“I’m drawn to books that deal in fragments and digressions, authors that patch together something larger from these pieces while also letting them stand on their own.” Sam Stephenson writes about “reimagining what a biography can look like” and reading Tennessee Williams: Notebooks, edited by Margaret Bradham Thornton, in a piece for The Paris Review. He also mentions Tennessee Williams: Mad Pilgrimage of the Flesh, which Tyler Gillespie recently reviewed for The Millions.

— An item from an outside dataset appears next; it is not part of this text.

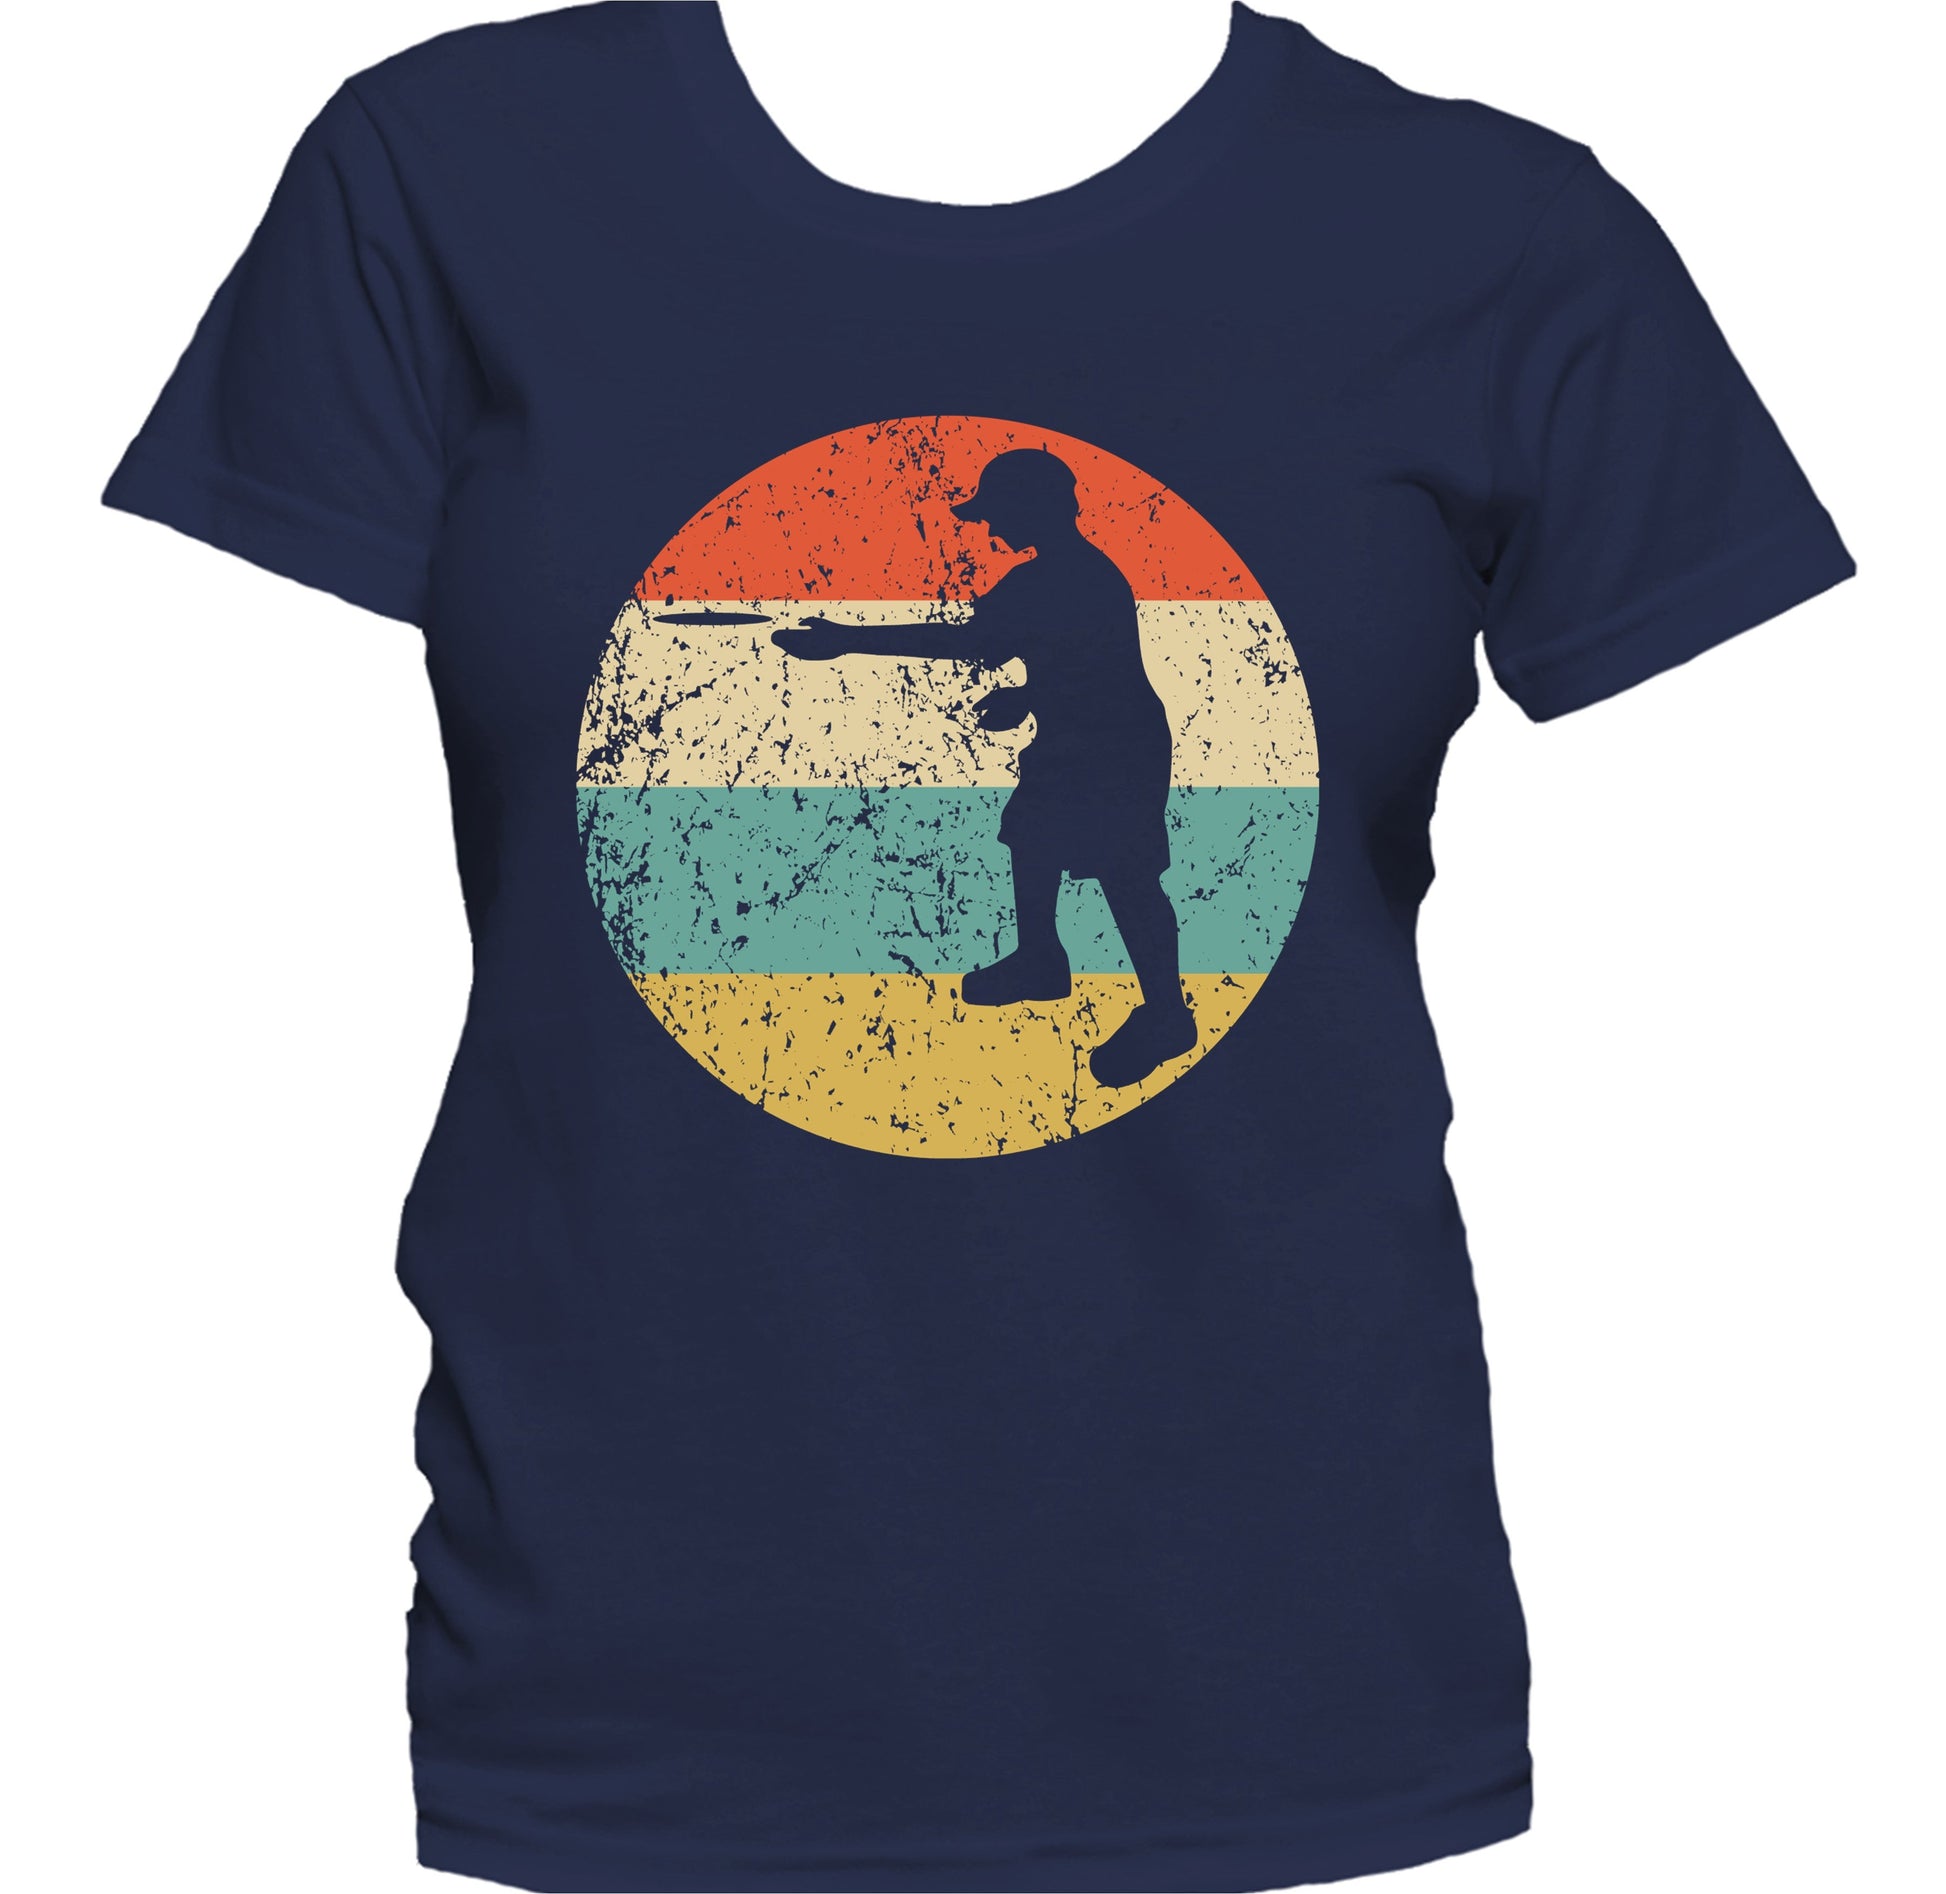 Disc Golf Player Silhouette Retro Sports Women's T-Shirt
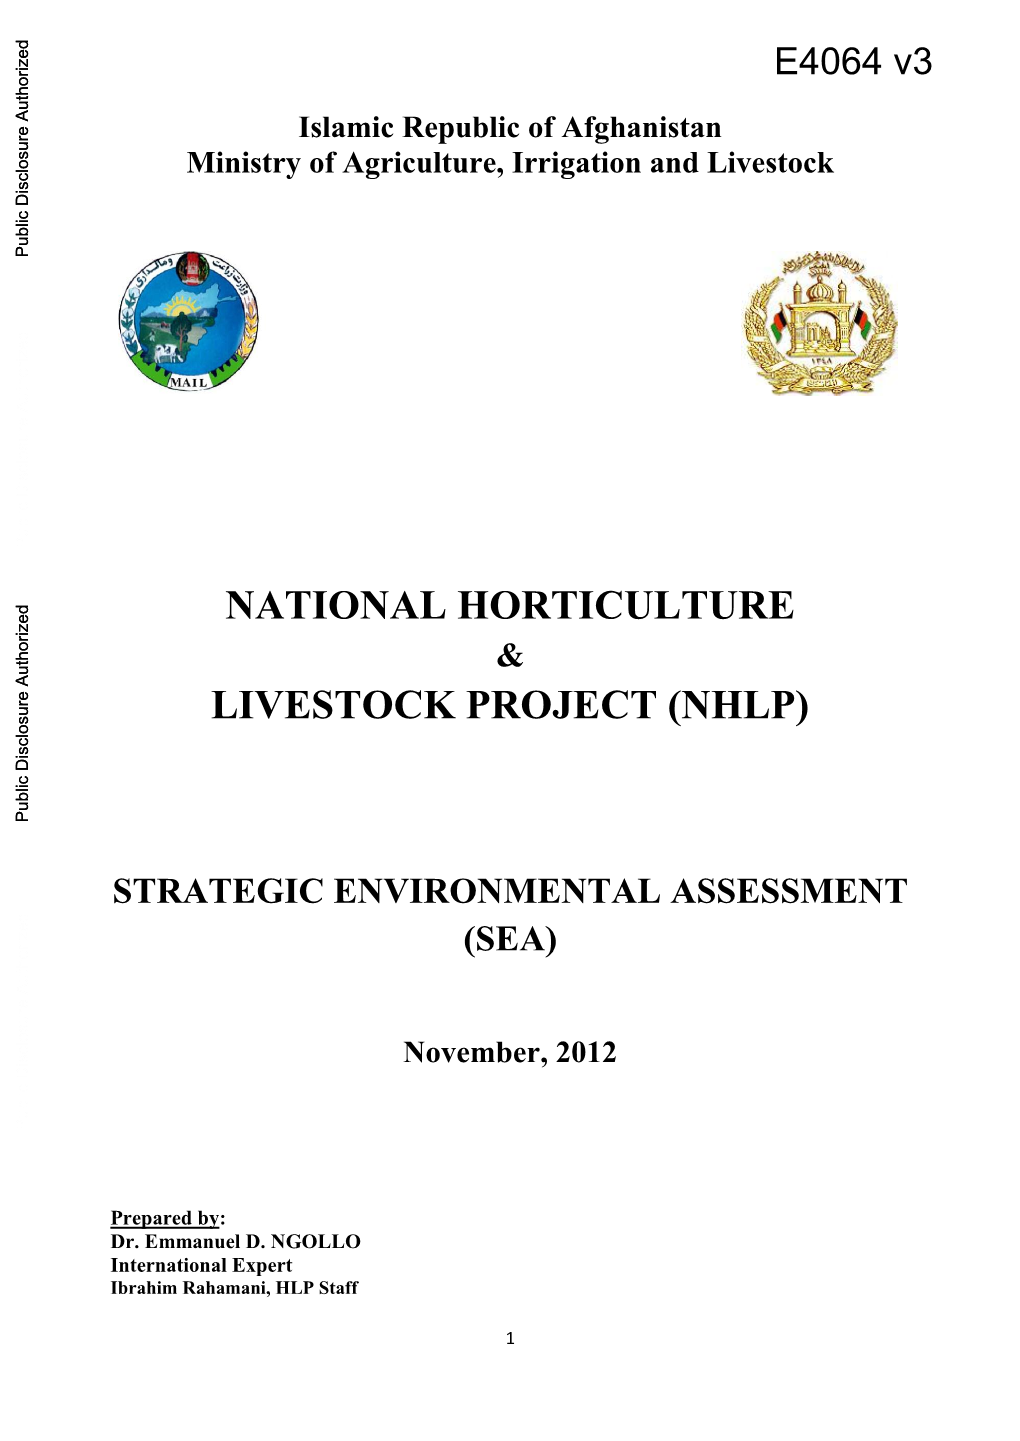 Strategic Environmental Assessment (Sea)

"Getting too quickly to where you want to go, getting there too smoothly, is antithetical to thinking through complex issues. You want roadblocks, confusion, chaos, and doubt. Unexpected, wonderful things come out of this approach." Jeff VanderMeer provides a master class for Publisher's Weekly on novel revision, explaining in five steps how his new book Borne arrived at its final incarnation. And for more shop talk, see VanderMeer's interview with The Kills author Richard House from our own pages a couple of years back.
"Maybe the optimists are right; maybe poetry does help you live your life. And maybe they are more right than they know, and it rounds you out for death." Andrew O'Hagan writes for The Guardian about falling in love with poetry and coming to see the poet as "a risk-taker, a miracle-maker, a moral panjandrum and a convict of the senses."
Recently I reported on the launch of Two Dollar Radio Moving Pictures, a cinematic venture from the indie publishers in Ohio. Since then, a pair of teaser trailers have been released for the first films in the organization’s pipeline. One is for The Greenbrier Ghost, which was co-written by Crapalachia author Scott McClanahan. The second is for The Removals, and it was directed by Orange Eats Creeps author Grace Krilanovich. (A few years back I gave TOEC some love in my Year In Reading post.)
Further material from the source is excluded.